Basketball players often injure the anterior cruciate ligament (ACL), a key structure that stabilizes the knee. Even after surgery and standard rehabilitation, many athletes continue to have problems with knee stability, movement control, and performance during jumping and landing. These issues increase the risk of re-injury and can limit their ability to return to competition. Neuromuscular training (NMT) is a type of exercise program that focuses on improving balance, muscle coordination, and movement patterns. It uses activities such as jump-landing drills, balance tasks, agility exercises, and core training. Previous research shows that NMT can help athletes land more safely, reduce harmful knee movements, and improve sport performance. However, little is known about its long-term benefits in college basketball players who are more than one year post-ACL surgery. This study aims to evaluate whether a 12-week NMT program, added to standard basketball training, can improve knee biomechanics, stability, and performance in college basketball players with a history of ACL reconstruction. Thirty participants will be randomly assigned to either an NMT group or a control group. Both groups will complete basketball training, but only the NMT group will receive the additional neuromuscular exercises. Knee movement will be measured using 3D motion capture and force plates, and performance will be tested through vertical jumps and other sport-specific tasks. The main outcomes will include knee angles during landing, ground reaction forces, dynamic stability, and jump height. The expected outcome is that athletes who undergo NMT will demonstrate safer landing strategies, better knee control, and improved performance compared to those who only receive standard basketball training. These findings may help coaches and healthcare providers design safer, more effective rehabilitation programs for athletes after ACL surgery.
Study Type
INTERVENTIONAL
Allocation
RANDOMIZED
Purpose
PREVENTION
Masking
DOUBLE
Enrollment
30
The neuromuscular training (NMT) program is a 12-week behavioral intervention performed 2-3 times per week in addition to regular basketball training. It includes balance tasks, jump-landing drills, agility exercises, and core strengthening to improve knee stability and movement control after ACL reconstruction
Chengde Medical University, Affiliated Hospital
Chengde, Hebei, China
Peak knee valgus angle during single-leg jump-landing (degrees)
Knee valgus angle will be measured using 3D motion capture during a standardized single-leg jump-landing task. The primary endpoint is the peak knee valgus angle (°) during the landing phase, averaged across 3 successful trials.
Time frame: Baseline (pre-intervention) and 12 weeks (post-intervention)
Time to stabilization after landing (seconds)
Dynamic postural stability will be evaluated using force platform data during a standardized single-leg jump-landing task. The endpoint is time to stabilization (TTS, s) following landing, averaged across 3 successful trials.

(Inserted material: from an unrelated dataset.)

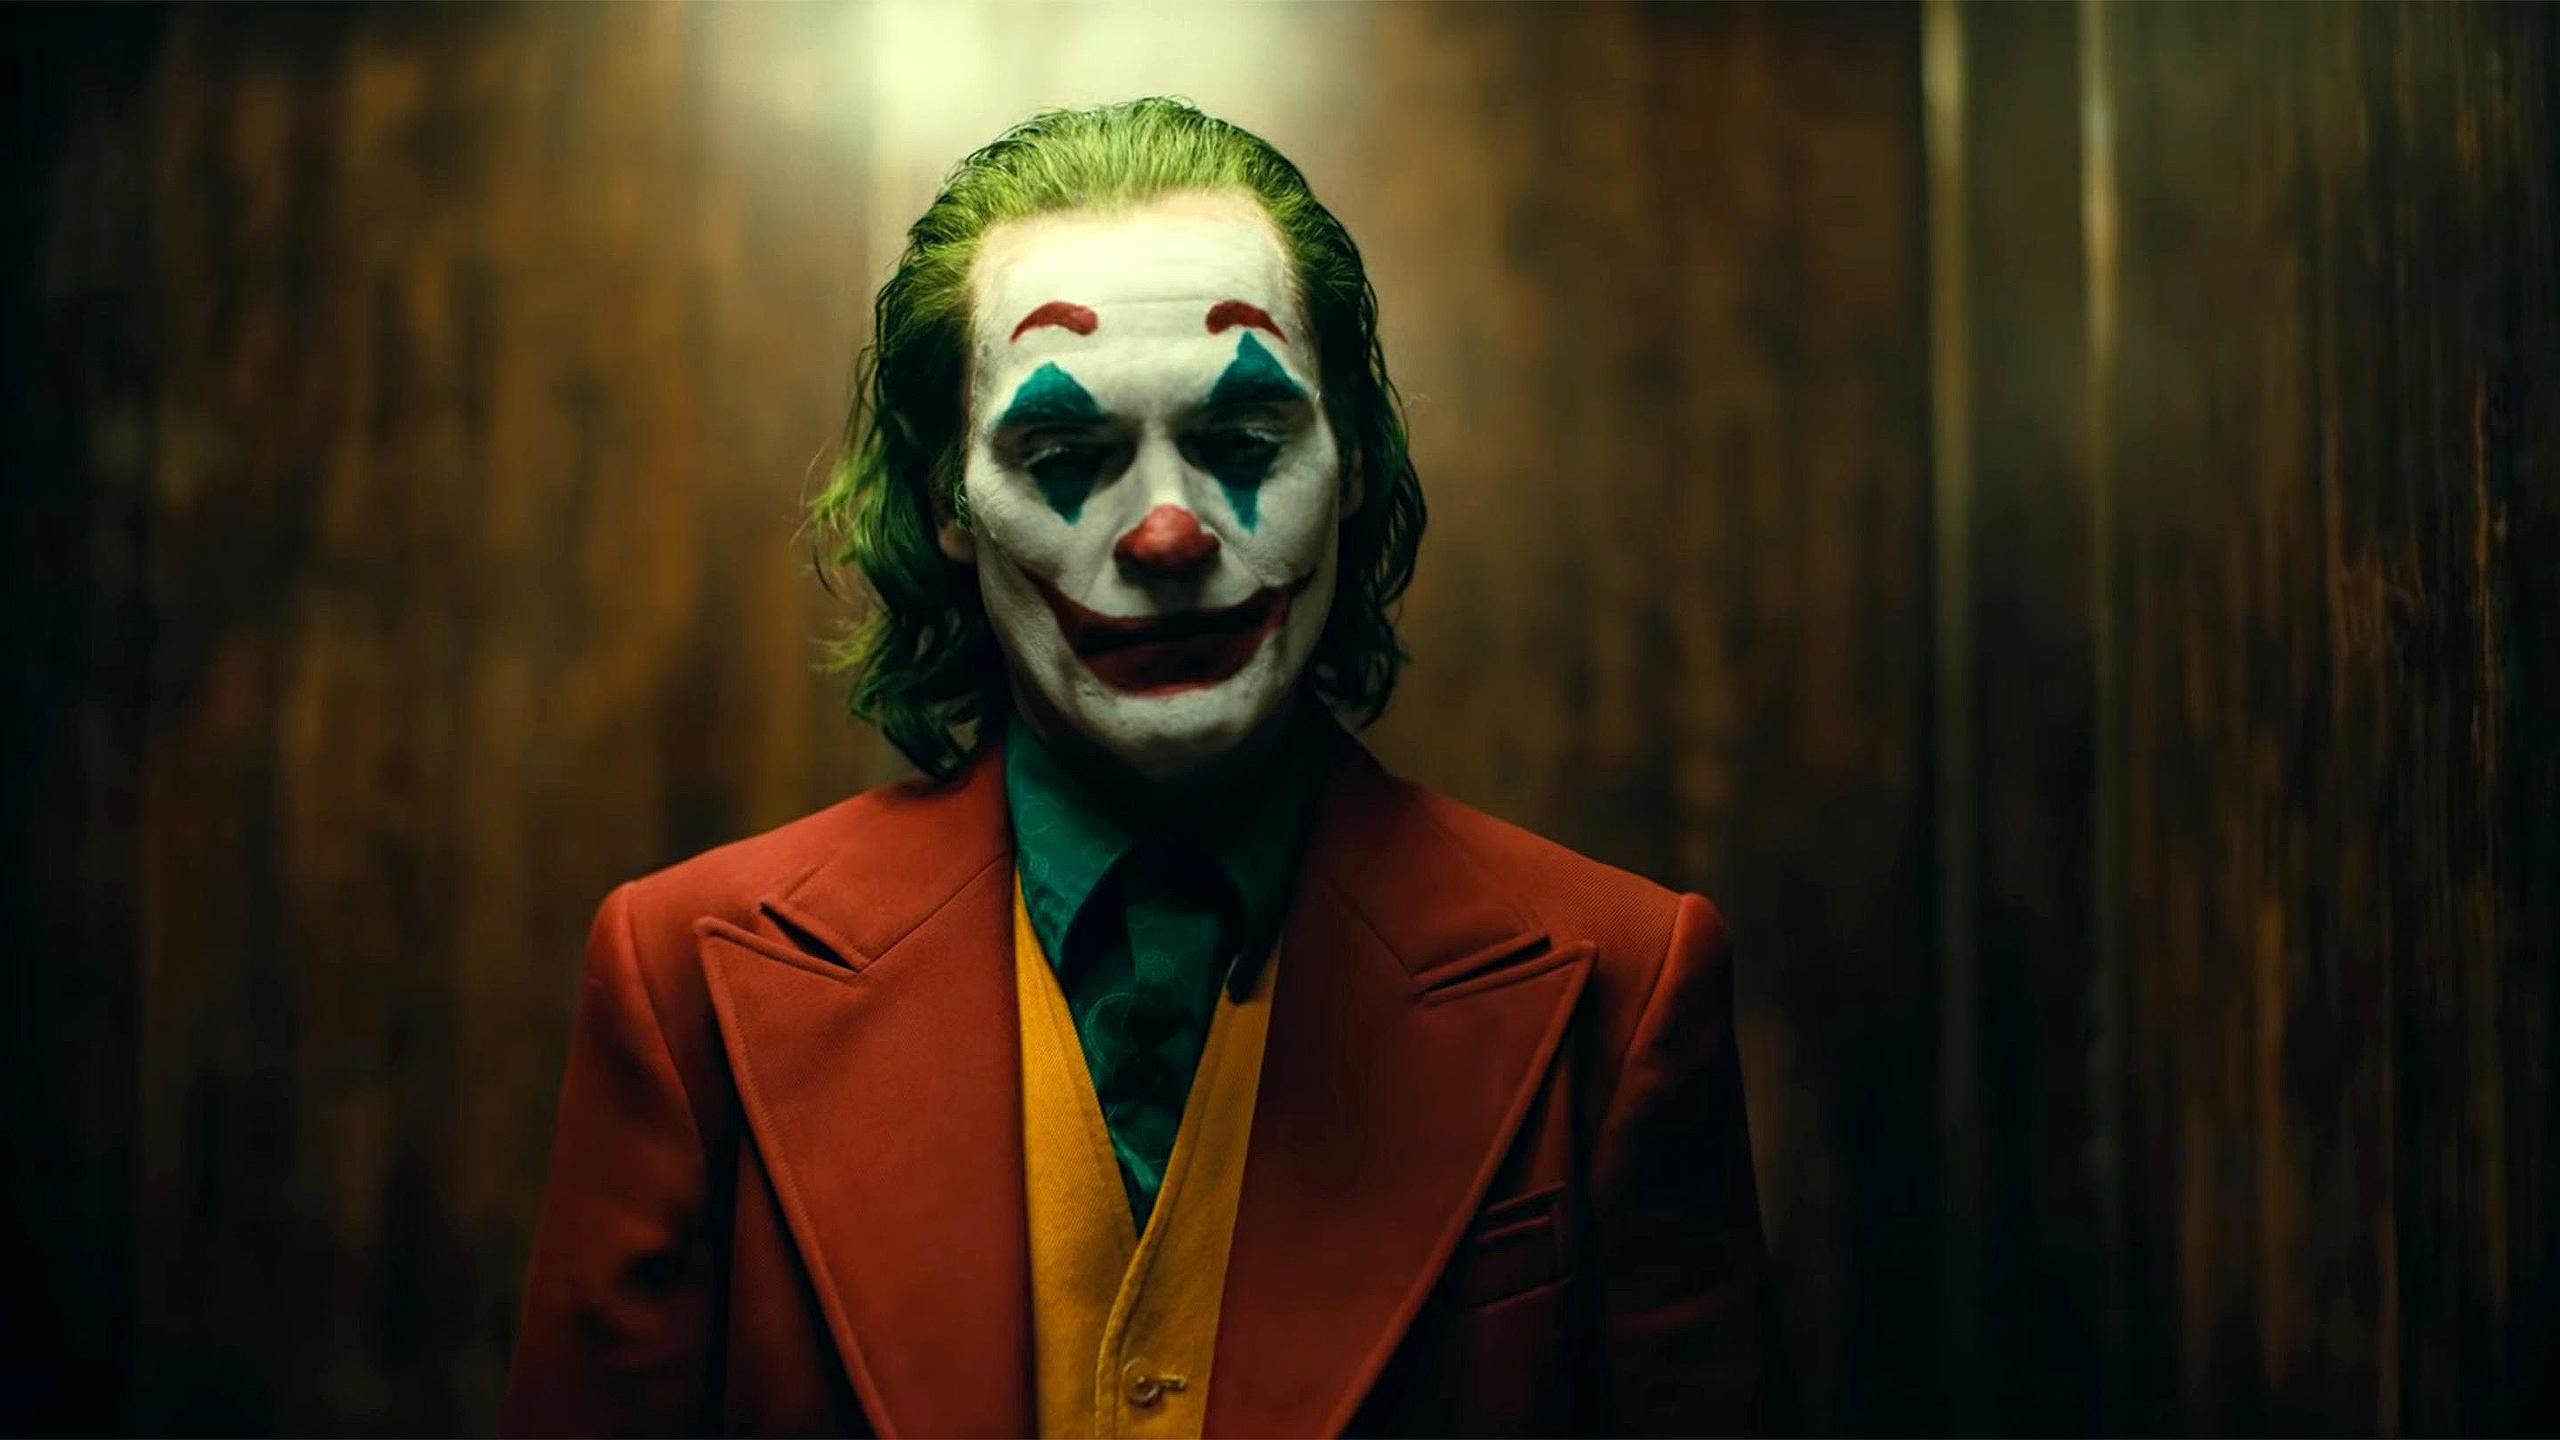 Joaquin Phoenix As Joker Wallpaper, HD Movies 4K Wallpaper, Image

Time frame: Baseline (pre-intervention) and 12 weeks (post-intervention)
Center of pressure displacement after landing, medial-lateral (millimeters)
Center of pressure (COP) displacement will be quantified from force platform data during a standardized single-leg jump-landing task. The endpoint is COP displacement in the medial-lateral direction (mm), averaged across 3 successful trials.
Time frame: Baseline (pre-intervention) and 12 weeks (post-intervention)
Peak knee flexion angle during single-leg jump-landing (degrees)
Peak knee flexion angle during the landing phase will be measured using 3D motion capture during a standardized single-leg jump-landing task. The endpoint is the peak knee flexion angle (°), averaged across 3 successful trials.
Time frame: Baseline (pre-intervention) and 12 weeks (post-intervention)
Center of pressure displacement after landing, anterior-posterior (millimeters)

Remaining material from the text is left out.